The French architectural historian Albert Gabriel and epigraphist Jean Sauvaget visited the bridge in 1932 and Sauvaget discerned an inscription in the name of Temür-Tash with the year AH 542 (1147/48), which possibly corresponds to the start of the second construction under Shīrbārīk.

The bridge was restored in the late twelfth century, and recently in the beginning of the 20th century. It was once the only bridge across the river in this area, and was in continuous use until the 1950s, when a new road bridge was completed upstream.

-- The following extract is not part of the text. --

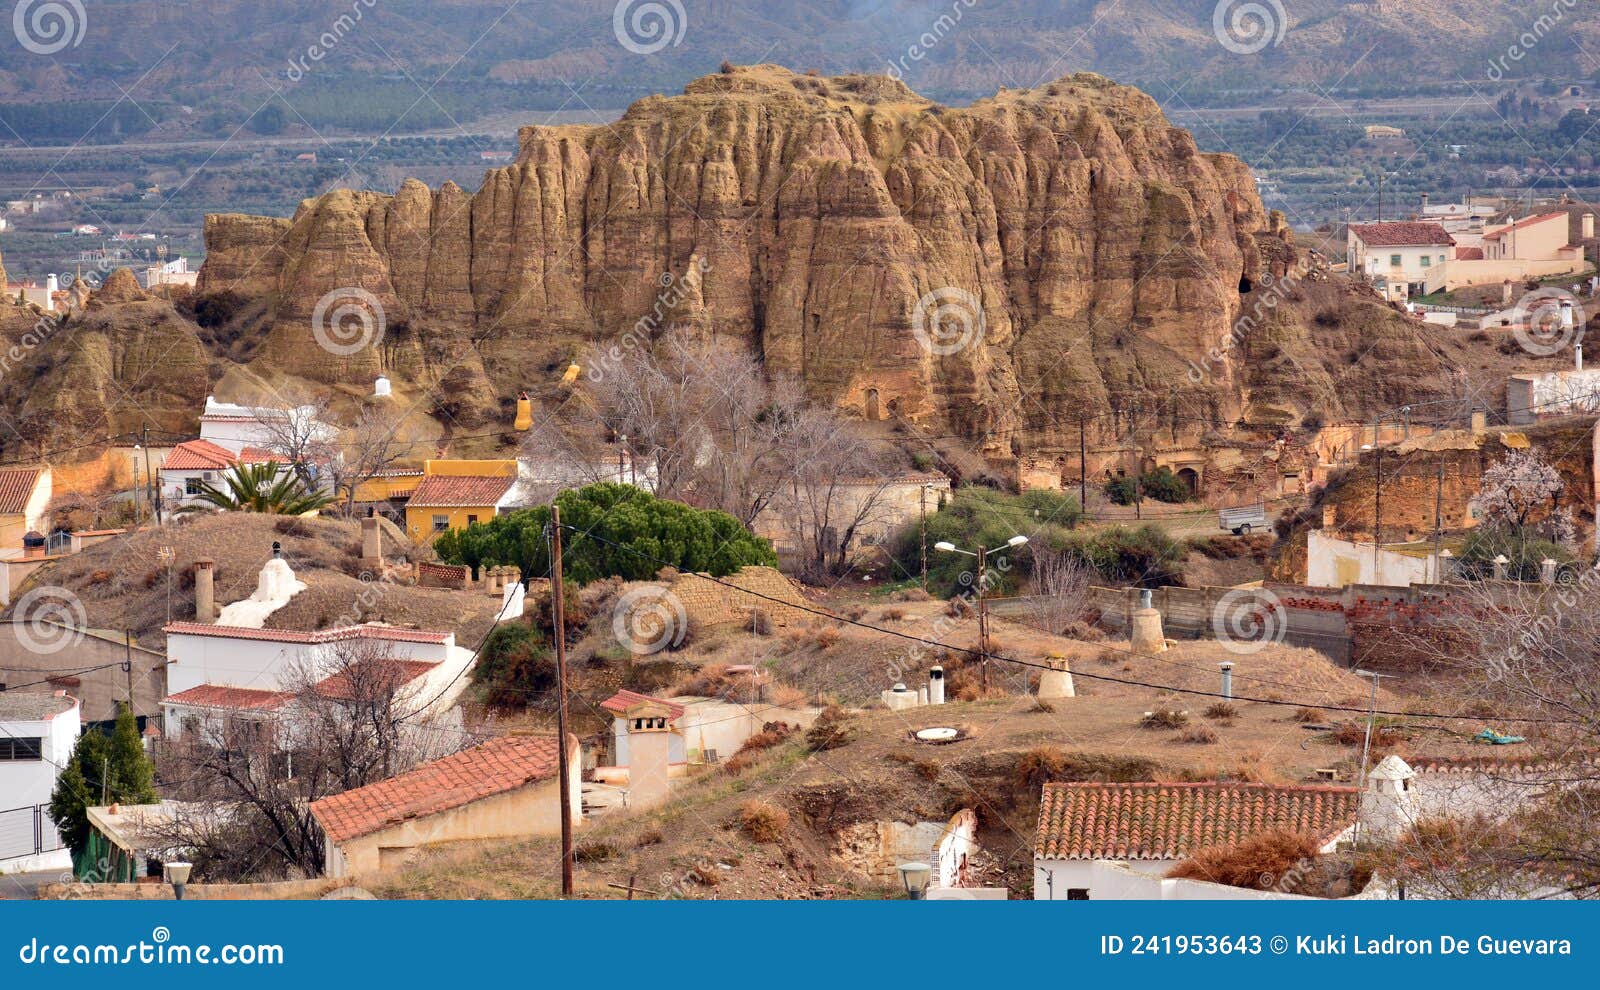 view of the neighborhood of the caves of guadix

The span of the bridge crosses perpendicular to the river, but the roadway is at an angle to the river, so there are angular breaks in the east and west approaches. The approaches rise from ground level to meet the central span, which is a pointed arch high over the deepest part of the river. Constructed from coloured solid masonry, the approaches have small arches built into them to let flood-waters through. Two of the piers of the bridge sit in the river; the western support is decorated with two carved figures, one standing and one sitting. The bridge is 150 m long and 7 m wide, 19 m in height and a main span of 38.6 m. The roadway has two toll-booths, one either side of the main span. The spandrels of the main arch incorporate small rooms for weary travelers. The Malabadi Bridge in Silvan, Diyarbakır takes its name from Bad, (Badh ibn Dustak), the founder of the Marwanids. Malabadi means "house of Bad" in Kurdish.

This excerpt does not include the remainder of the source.